With this short, tired statement, General Sir Archibald Percival Wavell last week took upon himself an historic guilt. He was telling the Indian Council of State about Britain’s setback by the Axis drive in Libya last April.

Only a man sure of his position could admit such miscalculation. General Wavell is secure in the knowledge that Winston Churchill still considers him the best of the British Army’s big generals. In truth “Archie” Wavell was taking too much blame for a situation which was not all of his doing.

The crisis in Greece, rather than General Wavell’s personal ideas, dictated the dispersal of his Middle Eastern forces last spring. And a shortage of supply, rather than miscalculation, left General Wavell with few troops and little equipment in the Western Desert while his best men were in Greece. His gravest mistake was in not recognizing the preparations the Axis was making for a push. This may have been a matter of bad reconnaissance, bad staff work, or a dozen other things, including good German camouflage, but it could hardly be called an error of strategy.

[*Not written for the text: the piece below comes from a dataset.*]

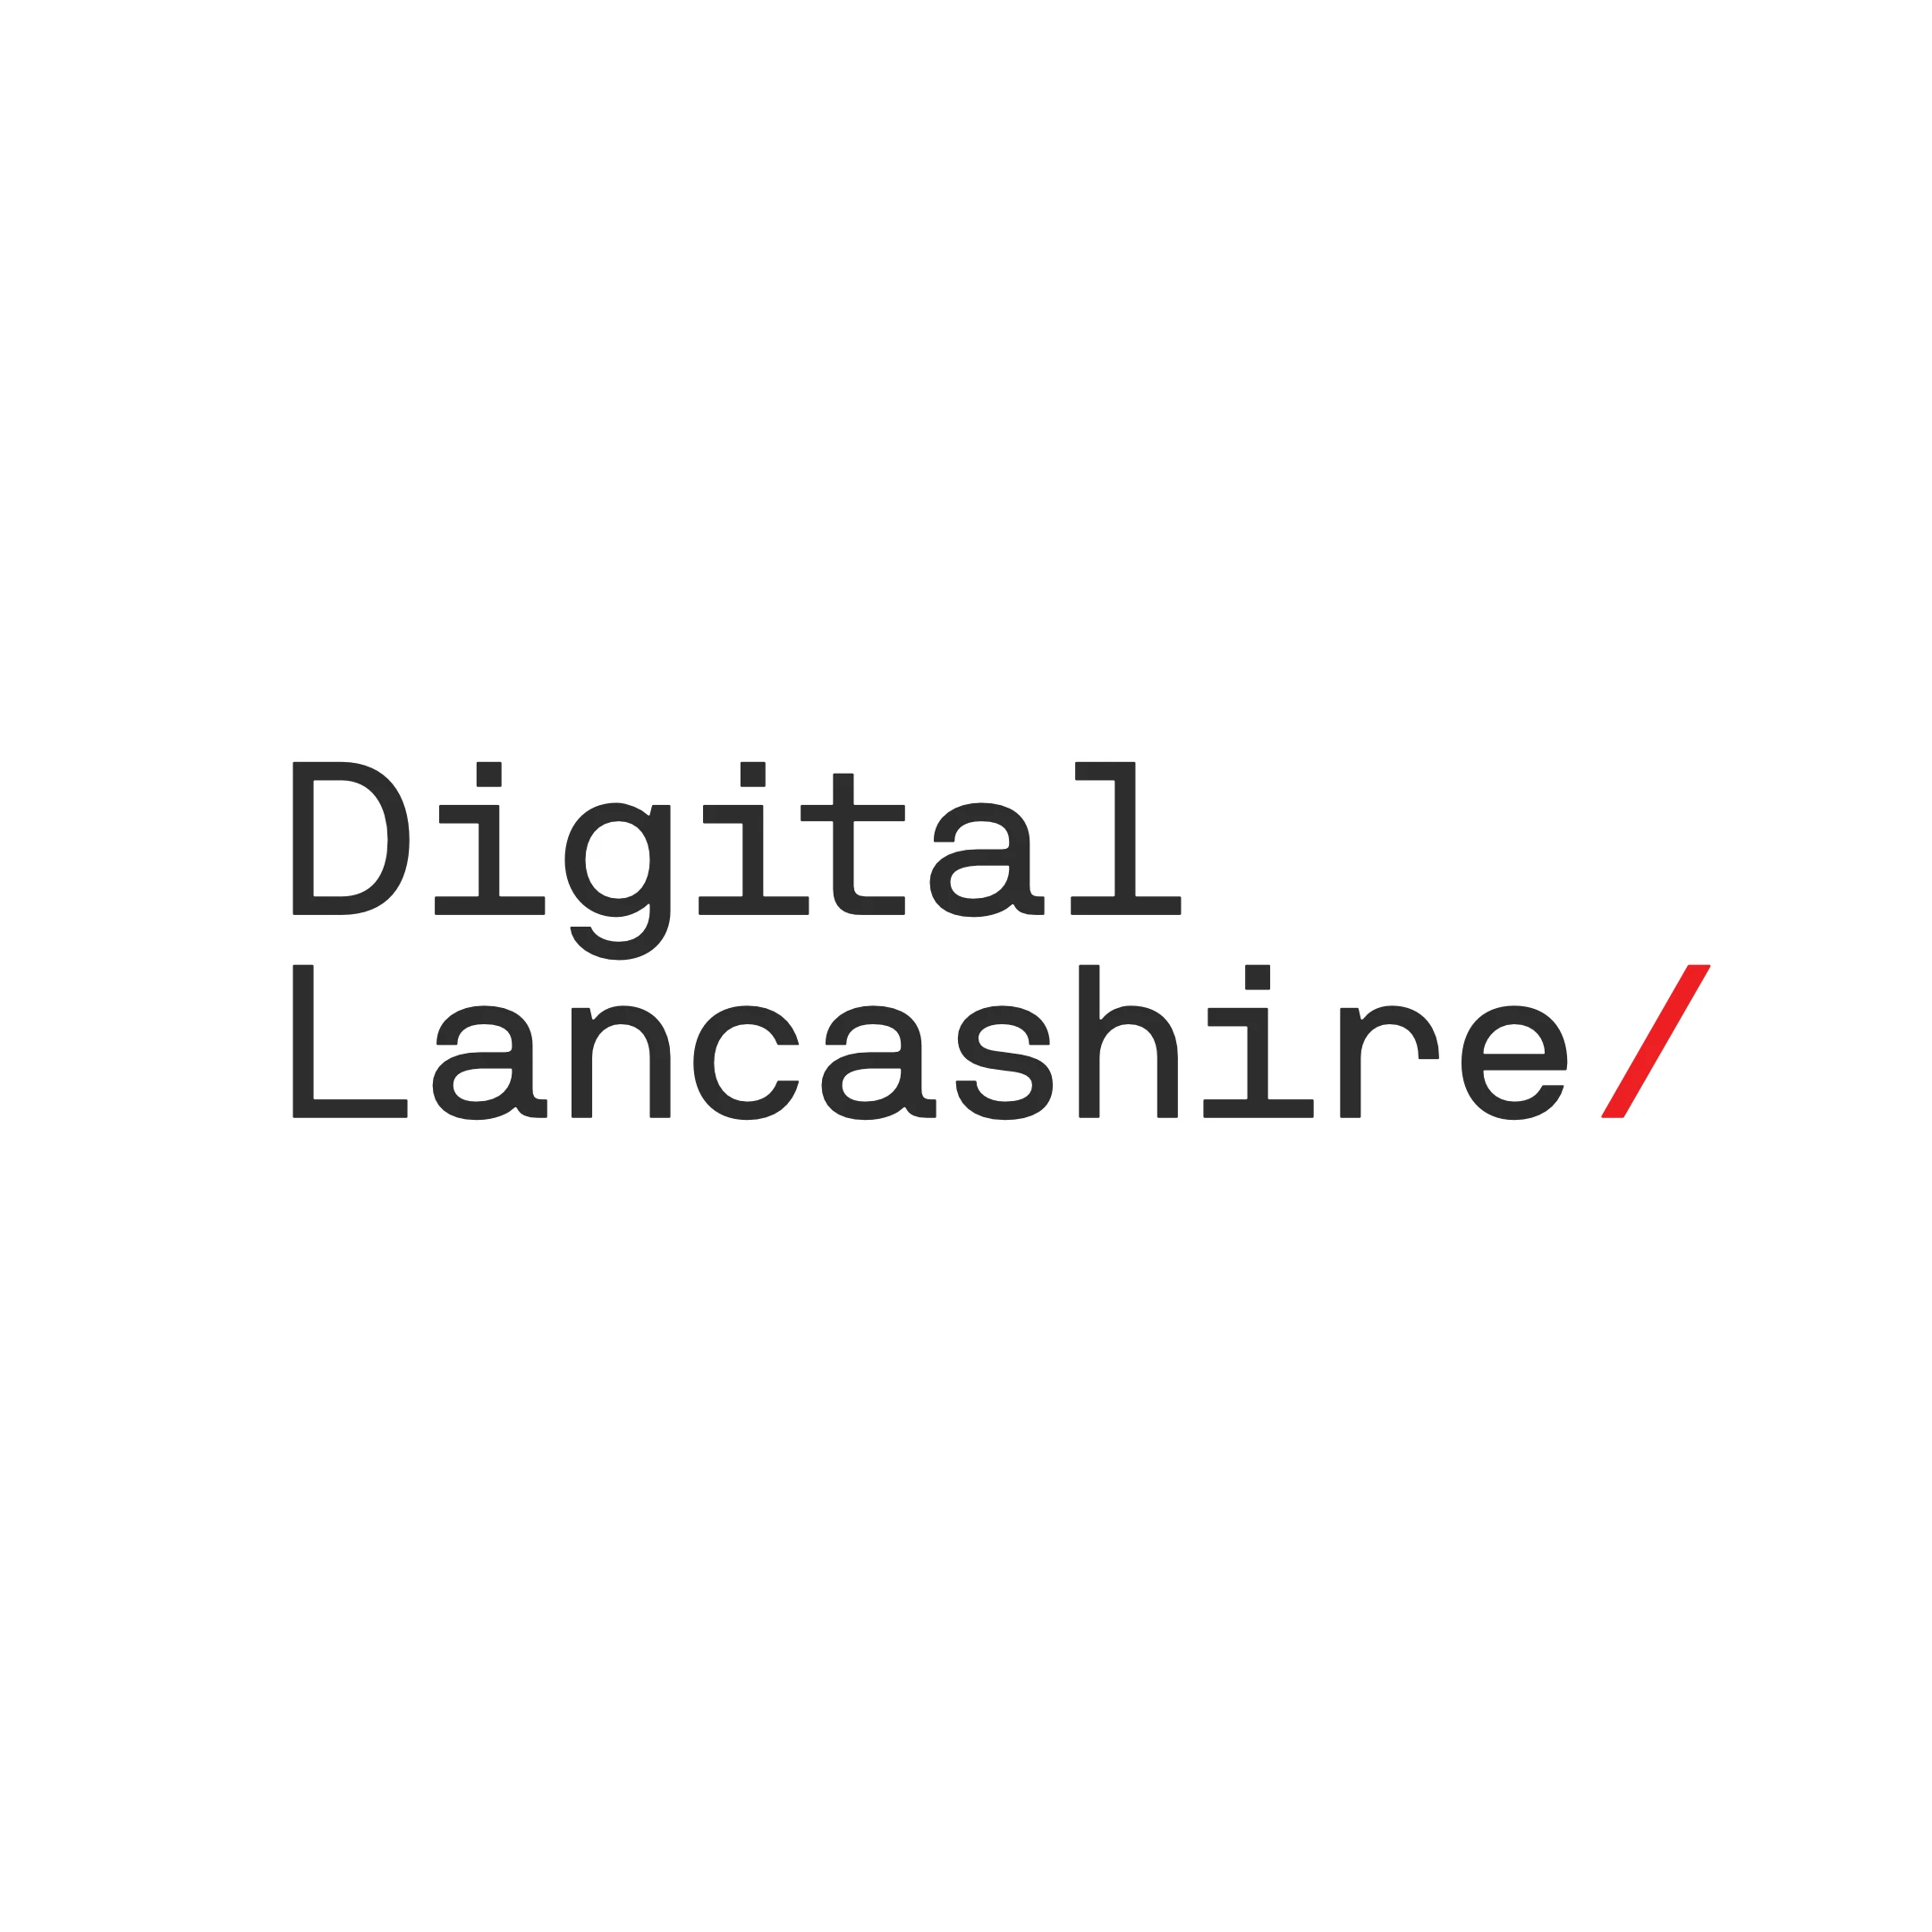 Digital Lancashire Logo

Wavell’s own estimate of himself as a conservative, thorough general is more accurate than War Office huzzahs of brilliance. Up to the early summer of 1941 he had not learned to handle a large force as ably as he has repeatedly shown that he can handle a small force. When the Italians entered the war in June 1940, General Wavell had a compact little army in the Western Desert. He moved it easily and beautifully, holding off an Italian force ten times the size of his own. Gradually, as the Middle Eastern forces expanded under his feet, he floated out of depth. The bigger the force, equipment and units he had to handle became, the harder General Wavell found it to keep control.

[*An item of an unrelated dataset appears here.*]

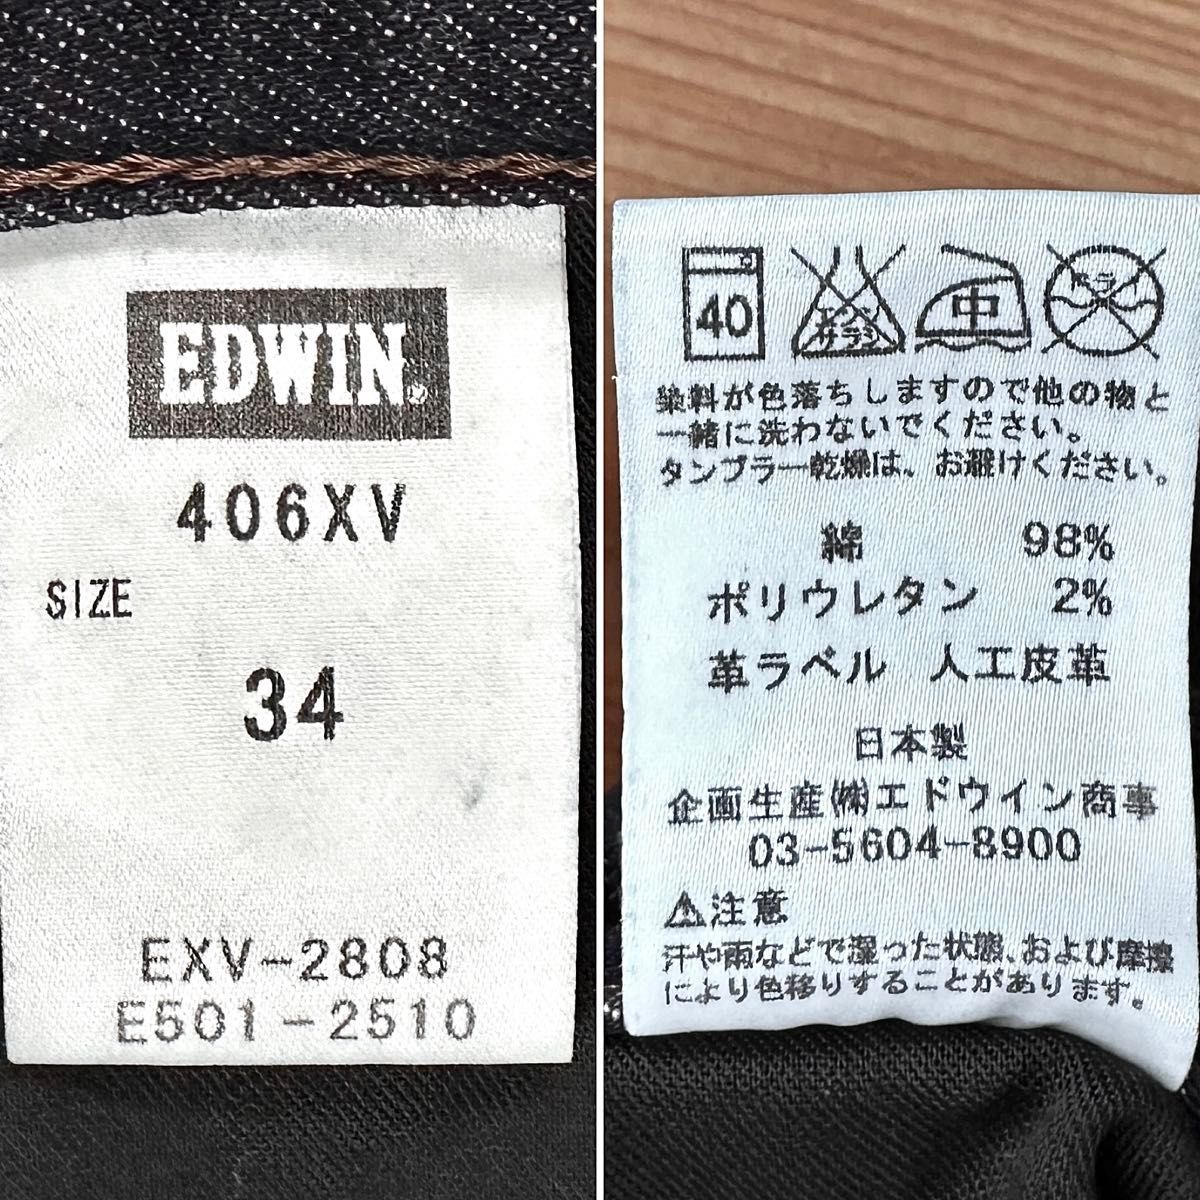 EDWIN 406XV エドウィン ストレッチデニムパンツ テーパード 濃紺

The growth of his forces caused him to make the real mistake of his career. In planning his counter-attacks last June, to throw the Germans back beyond Tobruk after they had retaken Libya, he planned a rapid attack, quick withdrawal, reattack. In operation he found that he could not move his big forces as quickly as he had moved his small forces. Supply complications and intertwining of forces tangled up the plan. It failed, and after a few days’ fruitless fighting the attempt was abandoned.

General Wavell, who is honest with himself, lost caste in his own eyes. Nothing he admitted to the Indian Council of State is likely to change Winston Churchill’s or the War Office’s opinion of him. Nevertheless, his admission will probably be accepted by history as true. For that, history-loving Sir Archibald Percival Wavell will be mostly responsible.